Due to the observed benefits of FAIMS in combination with TMT, we also evaluated the performance of LiP-MS with DIA, both with and without FAIMS. We found no significant increase in peptide identifications with the addition of FAIMS, regardless of the compensation voltage applied (supplemental Fig. S3C). While FAIMS has demonstrated advantages in conjunction with DIA for short gradients (27), our findings align with previous studies showing that FAIMS-DIA offers limited benefits for longer gradients, as observed here for LiP-MS samples (28).

Our results confirmed that TMT isobaric labeling significantly increases the number of peptides quantified in a LiP-MS experiment compared to DIA-MS. Quantification precision is also markedly improved, as evidenced by much lower CV values (reduced from approximately 10% to 3%) when using TMT. A slight benefit in identification numbers was observed with the use of FAIMS in TMT-based experiments.

Comparison of LiP-MS Quantification by TMT and DIA Workflows with Fixed Instrument Time

We next examined whether the increased quantification precision obtained with TMT translates into improved identification of protein kinases binding staurosporine in our LiP-MS drug-target deconvolution benchmark experiment. We compared the performance of the LiP-MS predictor when using TMT-MS versus DIA-MS for mass spectrometry data acquisition, focusing on fitting sigmoidal trends with peptide intensity profiles. For this comparison, we selected the TMT-MS option without FAIMS and the DIA-MS workflow using a direct library with FragPipe analysis, as these configurations yielded the lowest CV values in their respective groups.

When ranking the drug-response sigmoidal curves by their correlation coefficients, we found that the AUC-ROC curve for TMT (0.80) was lower than that for DIA (0.87) (Fig. 4C), despite the higher precision of peptide quantification with TMT (supplemental Fig. S3B). Further investigation revealed that LiP-MS coupled with DIA-MS more effectively discriminates true positive staurosporine targets among top-ranking candidate proteins than TMT-MS (Fig. 4D). Additionally, we analyzed the distribution densities of correlation coefficients (r) for LiP peptides mapping to kinase and non-kinase peptides, comparing TMT and DIA-MS quantification. While LiP-kinase peptides consistently exhibited higher r-coefficients than non-kinase peptides in both scenarios, these values were notably higher and the peaks sharper in TMT analysis, indicating greater precision. However, this precision advantage was offset by the fact that non-kinase peptides also displayed higher r-values, reducing the effectiveness of TMT in improving kinase identification as reflected in the ROC curve (Fig. 4E). When quantifying LiP-MS data with TMT, the use of FAIMS or FAIMS-TurboTMT resulted in a smaller AUC of the ROC curve, indicating a decrease in predictive performance of drug targets (supplemental Fig. S3D). Similar results were obtained when analyzing TMT data with freeware software solutions offered by FragPipe instead of Proteome Discoverer (supplemental Fig. S4A and supplemental Tables S12 and S13).
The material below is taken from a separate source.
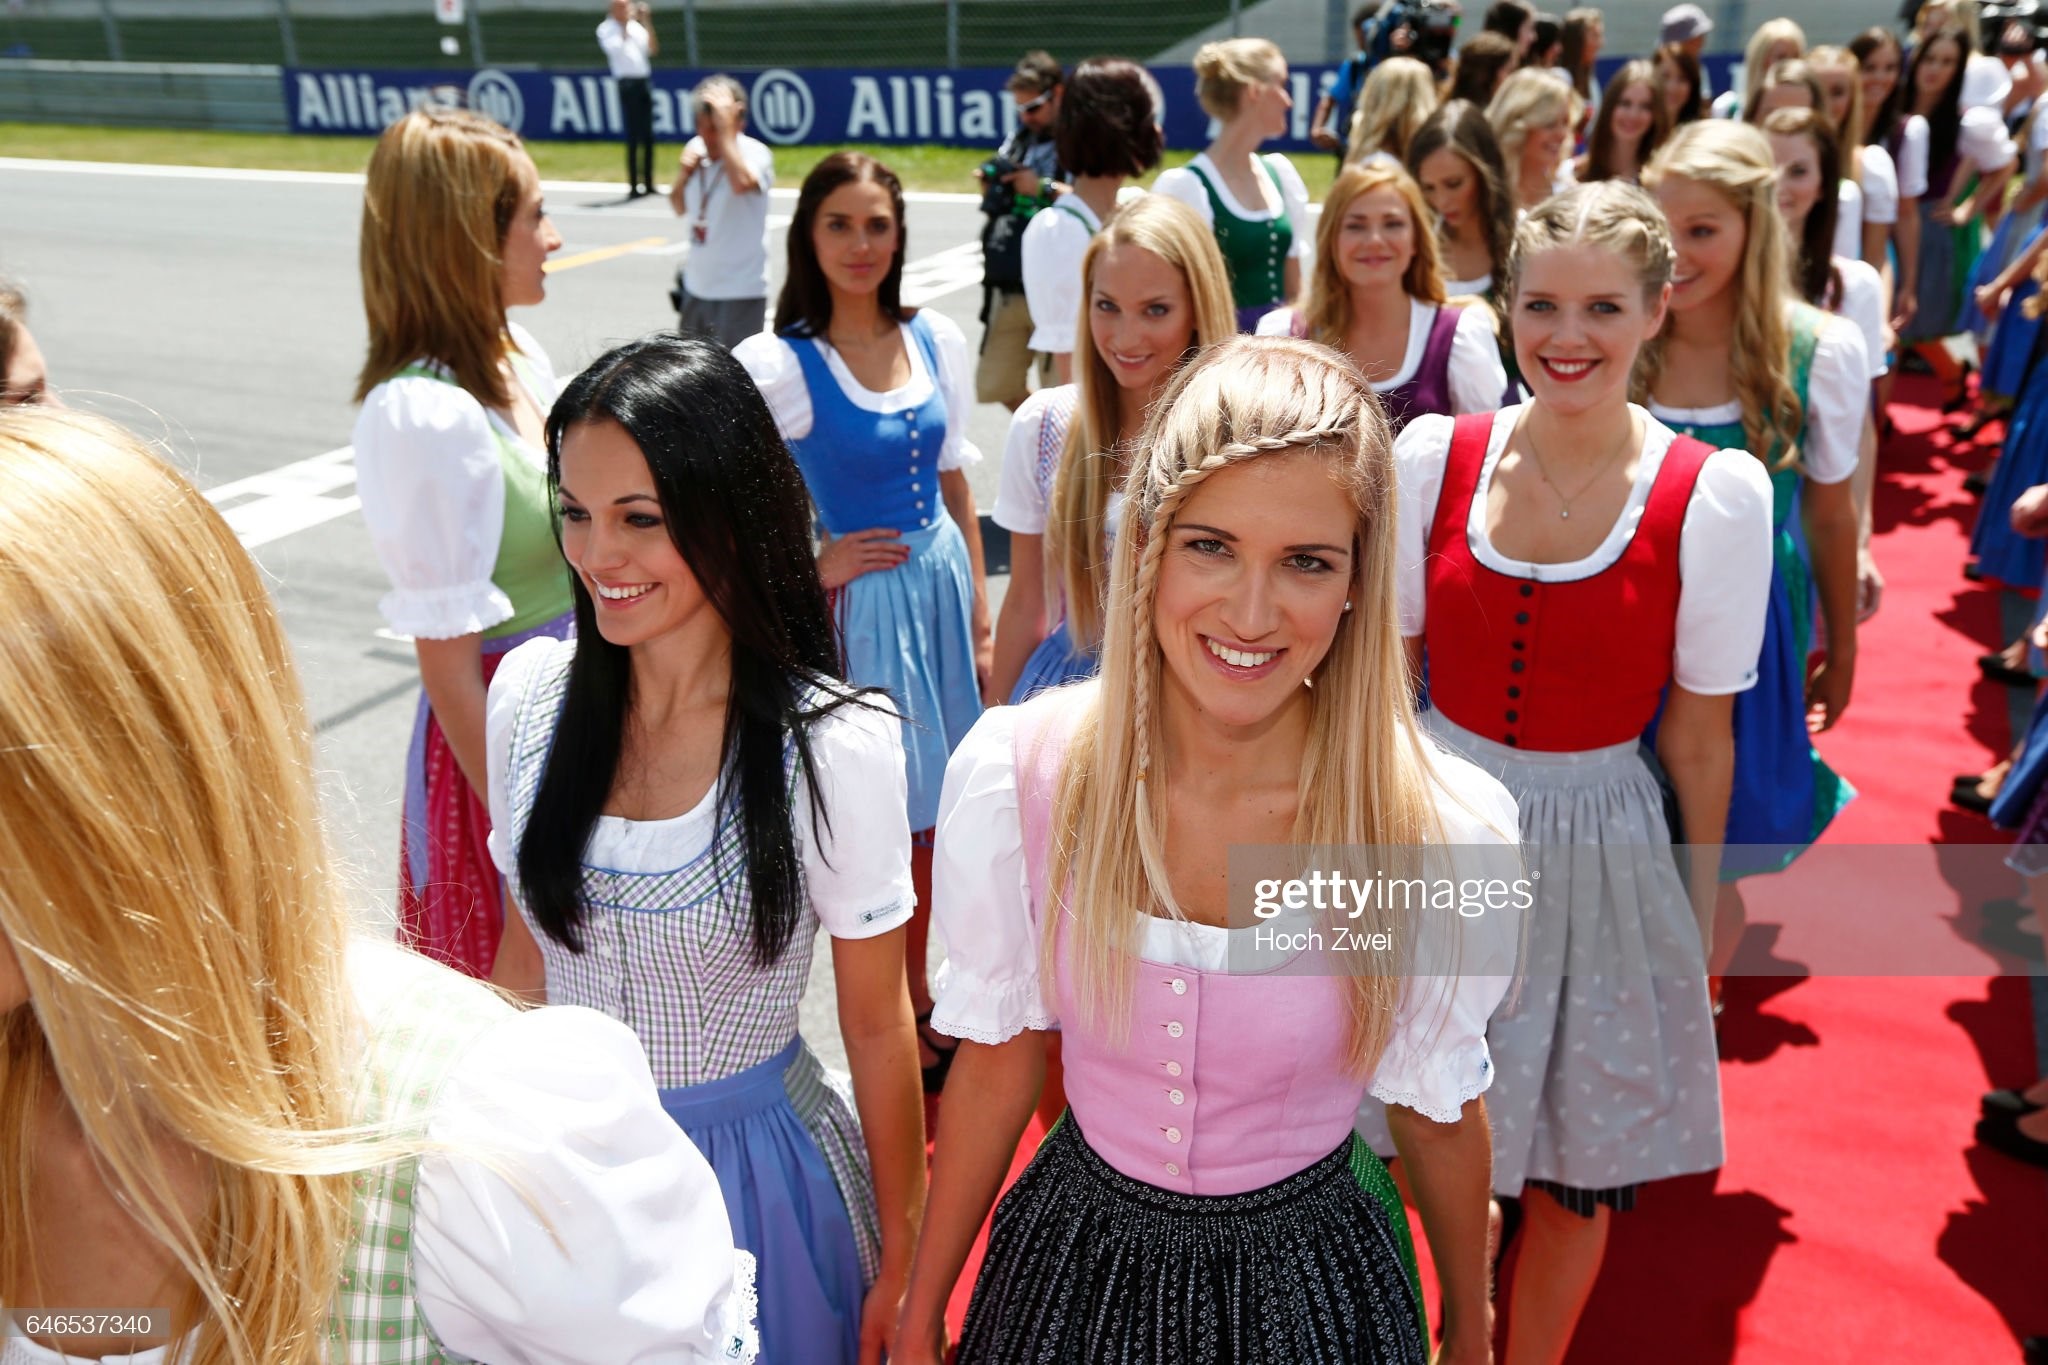 Formula One World Championship, Grand Prix of Austria, June 22, 2014, grid girls. 
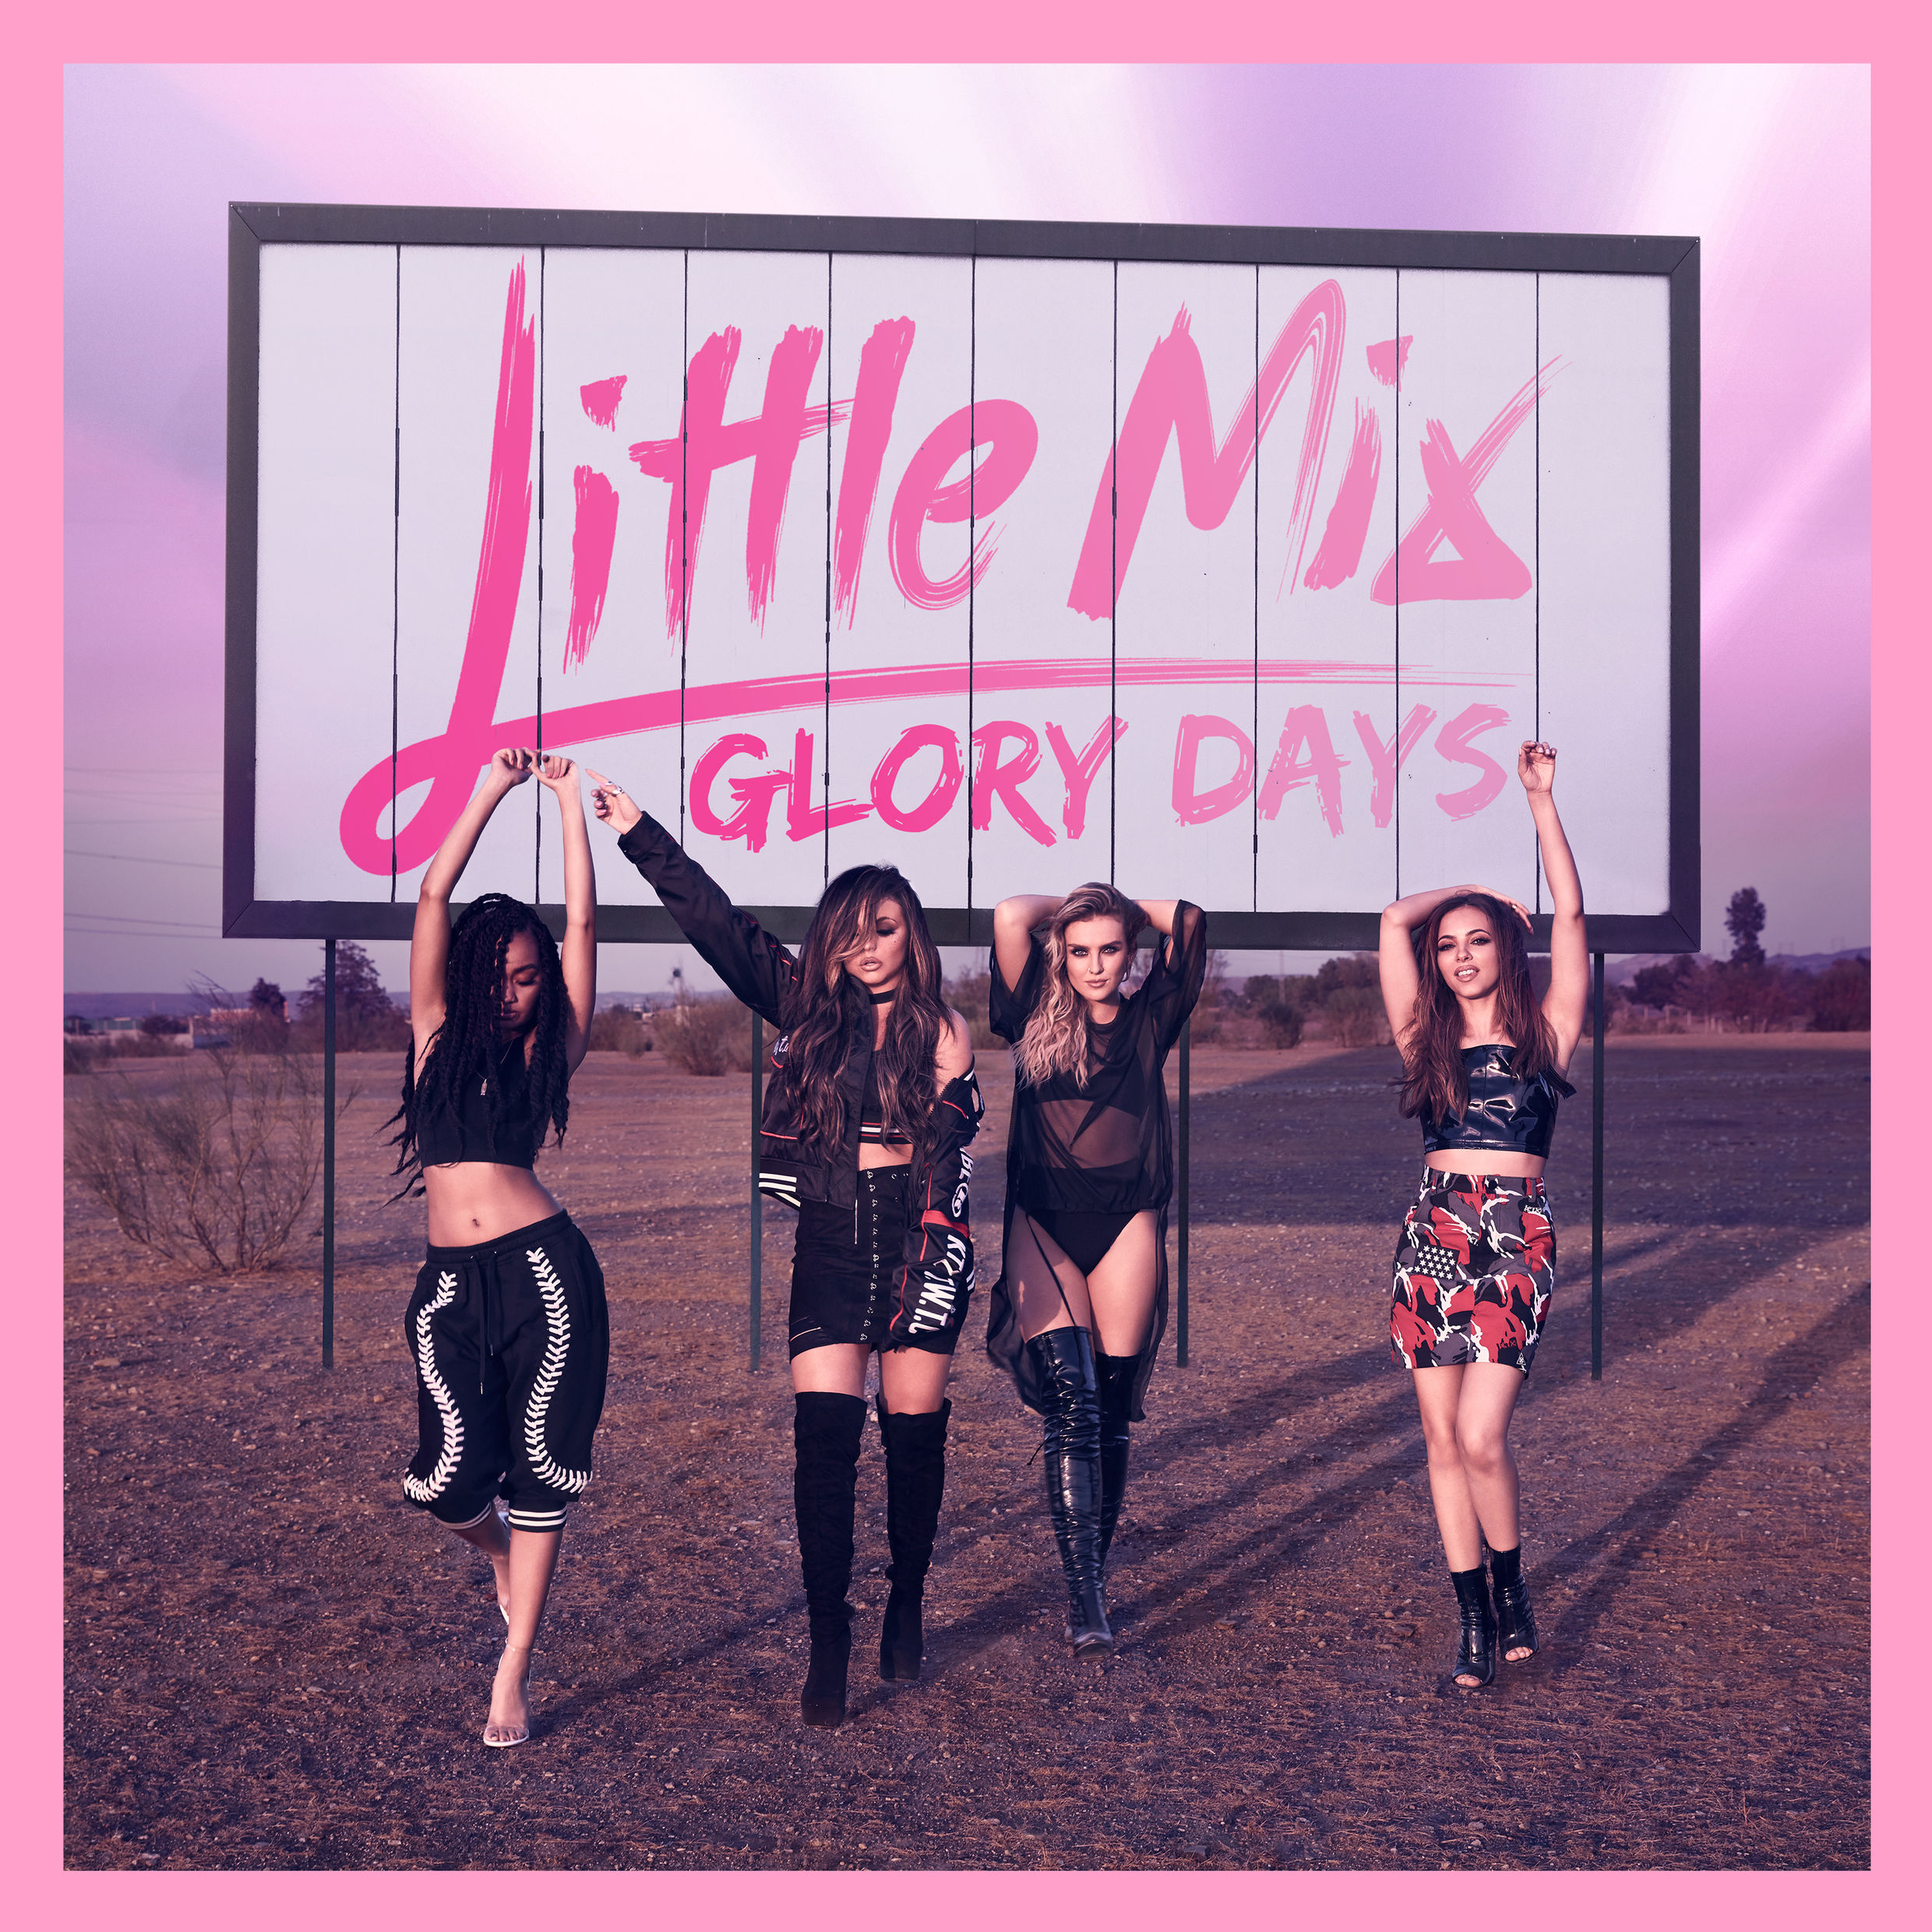 Little Mix - Glory Days (album artwork cover)

The kinase features identified using TMT and DIA are generally overlapping with the two quantification strategies with some specificities. For instance, 22 unique protein kinases with TMT LiP-MS and 15 unique protein kinases with DIA LiP-MS (supplemental Fig. S4B), corresponding to 142 and 87 LiP-peptides, respectively (supplemental Fig. S4C). When we compared the EC50 values extrapolated from LiP peptides quantified by DIA-MS or TMT-MS with an orthogonal approach, we discovered that the EC50s tend to be in mild-to-good accordance with similar estimates made with chemoproteomics methods based on chemical probes (29) (Kinobeads). Since Kinobeads are specifically designed to quantitatively assess binding affinities, the good correlation between binding parameters estimated by LiP-MS and those measured with Kinobeads (Pearson r = 0.73 for DIA-MS - supplemental Fig. S4D and Pearson r = 0.62 for TMT-MS - supplemental Fig. S4E), demonstrated that both TMT LiP-MS and DIA LiP-MS provide reliable estimate of the relative strength of interactions between drugs and their protein targets.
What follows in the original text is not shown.